Было в этом споре что-то ненастоящее, потому что на самом деле Гил не хотел оставлять мутанта здесь. Но и перспектива иметь его рядом удовольствия не доставляла. Рози мог все еще пылать боевым духом, все еще считать себя способным спасти город-государство, убив Гила. Тиша отстаивала противоположный взгляд так же неуверенно.

— Он мой брат, — повторила она слабым голосом.

— Ладно. Идем. Но нам придется поспешить.

Крепко держась за руки, чтобы толпа не разделила их, выбирая дорогу в тени и по свободным участкам, они двинулись к Башне Конгресса. Там у дверей несли вахту пятеро часовых с ружьями. Наверное, на их счету был не один десяток убитых — пораженные паникой музыканты, видя, что здание стоит по-прежнему, толпами бросались ко входу. Но звуковые ружья не оставляют после себя трупов.

К счастью, одним из часовых оказался циклоп, который отбивал наступление крыс в коридоре «Ф» неделю назад. Он вспомнил Гила и Тишу.

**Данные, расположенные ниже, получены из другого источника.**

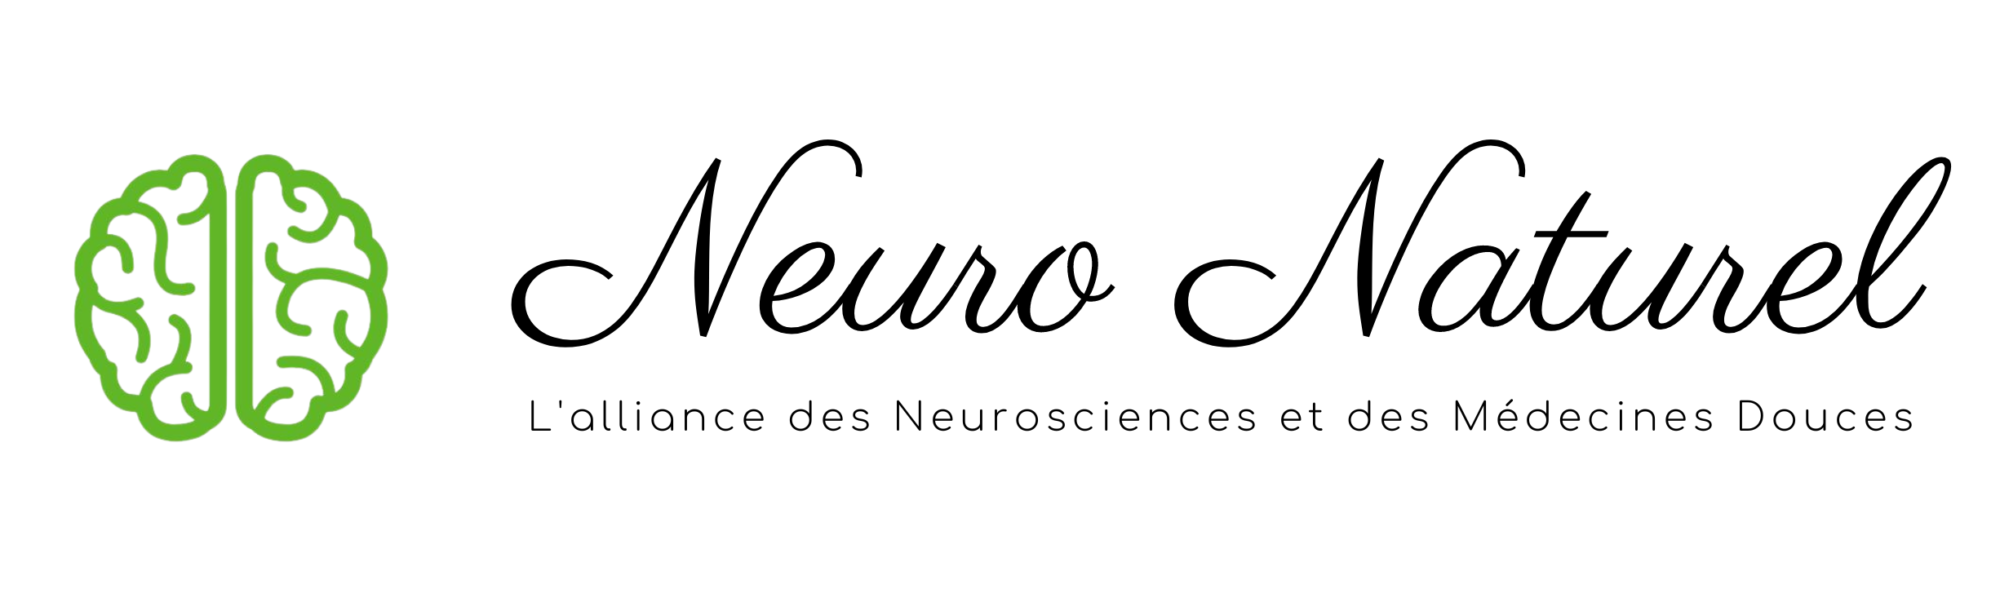 Logo Neuro Naturel - L'alliance des Neurosciences et des Médecines douces
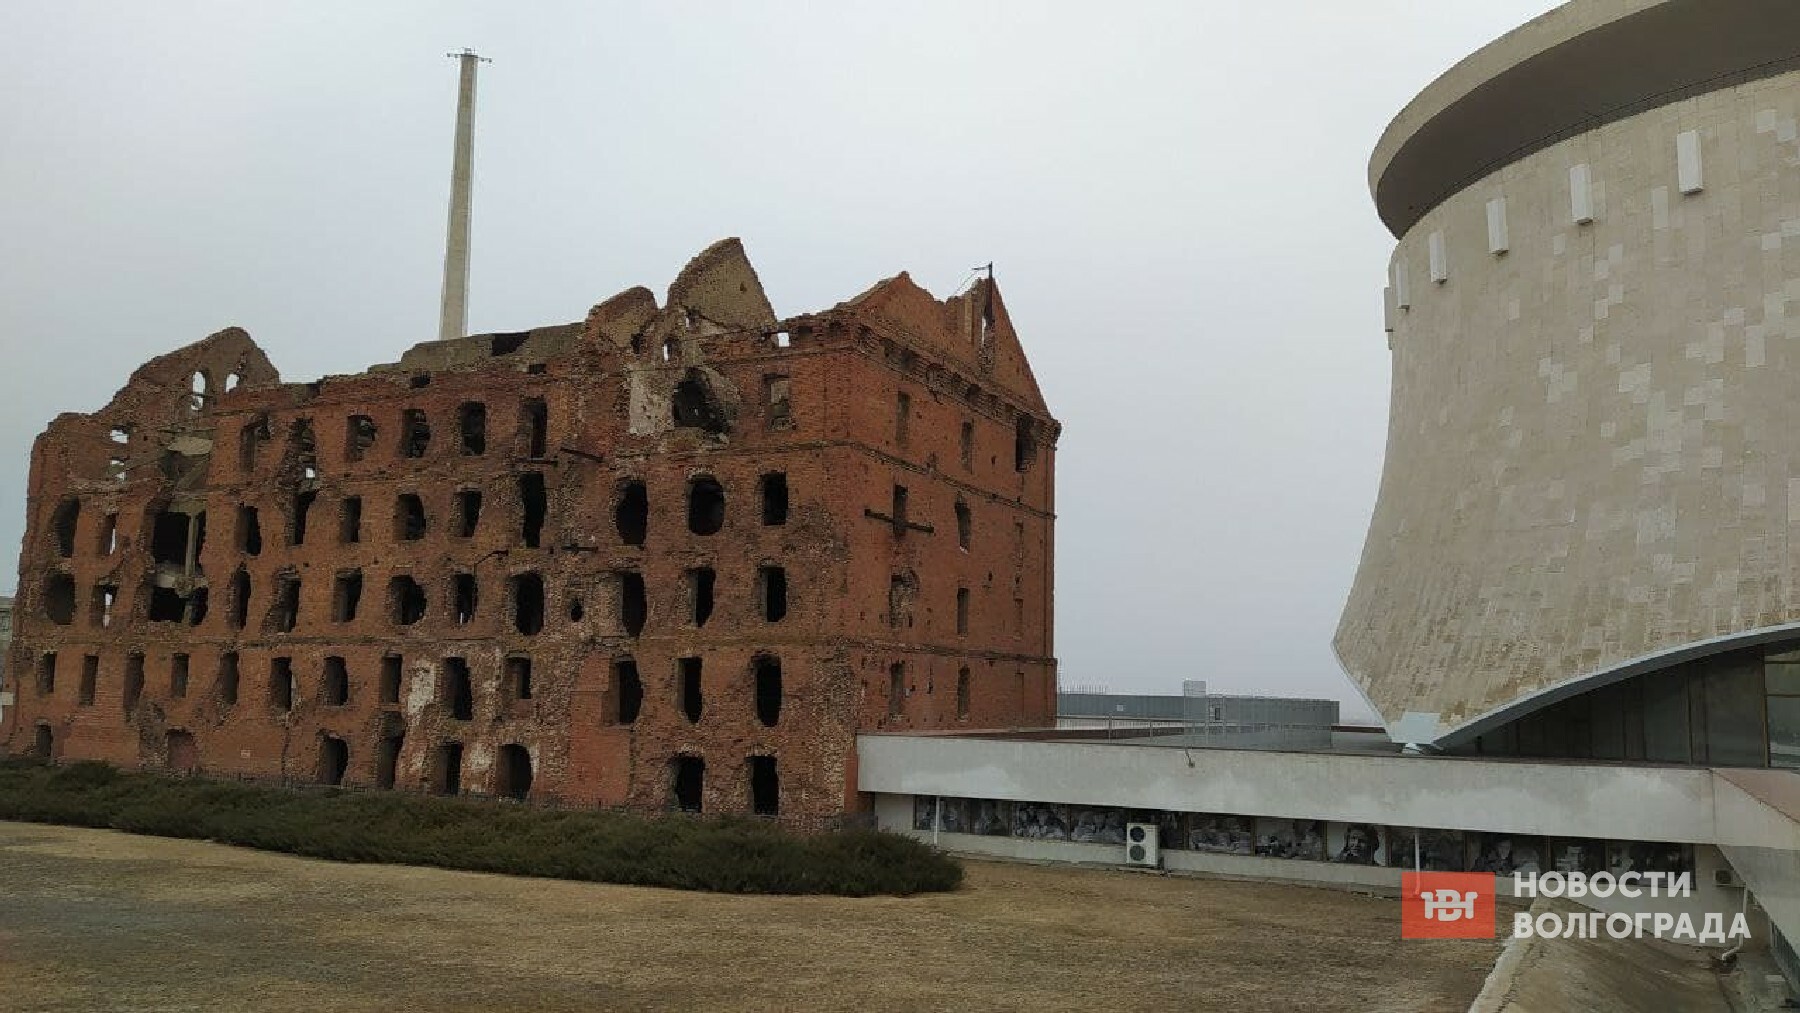 Мельницу Гергардта в Волгограде «законсервируют» после обрушения

Если бы не это, они и сами могли погибнуть.

— Что вы хотите? — спросил он, и голос его звучал отнюдь не так дружелюбно, как ожидал Гил.

— Силач сказал, что я могу доставить себе удовольствие, убив своего фальшивого отца, Грига, — ответил Гил.

Юноша подозревал, что его обман слишком прозрачен, но надеялся, что этому дикарю такой аргумент покажется логичным.

— Нам не положено…

— Силач приказал!

Циклоп окинул его внимательным взглядом:

— Ладно. Только поосторожнее. Они там внутри не знают, что тут делается. Мы не хотим раньше времени всполошить их.

— Да я тебе сам это говорил! — бросил Гил, проникая через матовые двери в гробовую тишину главного вестибюля.

Там внутри мирно спали музыканты, жившие в этой Башне, исходили похотью в своих сенсониках, безразличные к шуму снаружи. Гил остановился у центрального сердечника проверить, как чувствует себя Франц. Учитель был все еще без сознания. Гил не мог бы объяснить, почему его беспокоит безопасность старика; популяры захватят его в конце, как и всех остальных.

Они прошли к лифту и взлетели наверх на звуковых токах. На мгновение Гилу привиделось, что здание тает, как остальные Башни, что они с Тишей летят вниз в долгом-долгом безнадежном падении, подпрыгивают, ударяясь о перекрытия…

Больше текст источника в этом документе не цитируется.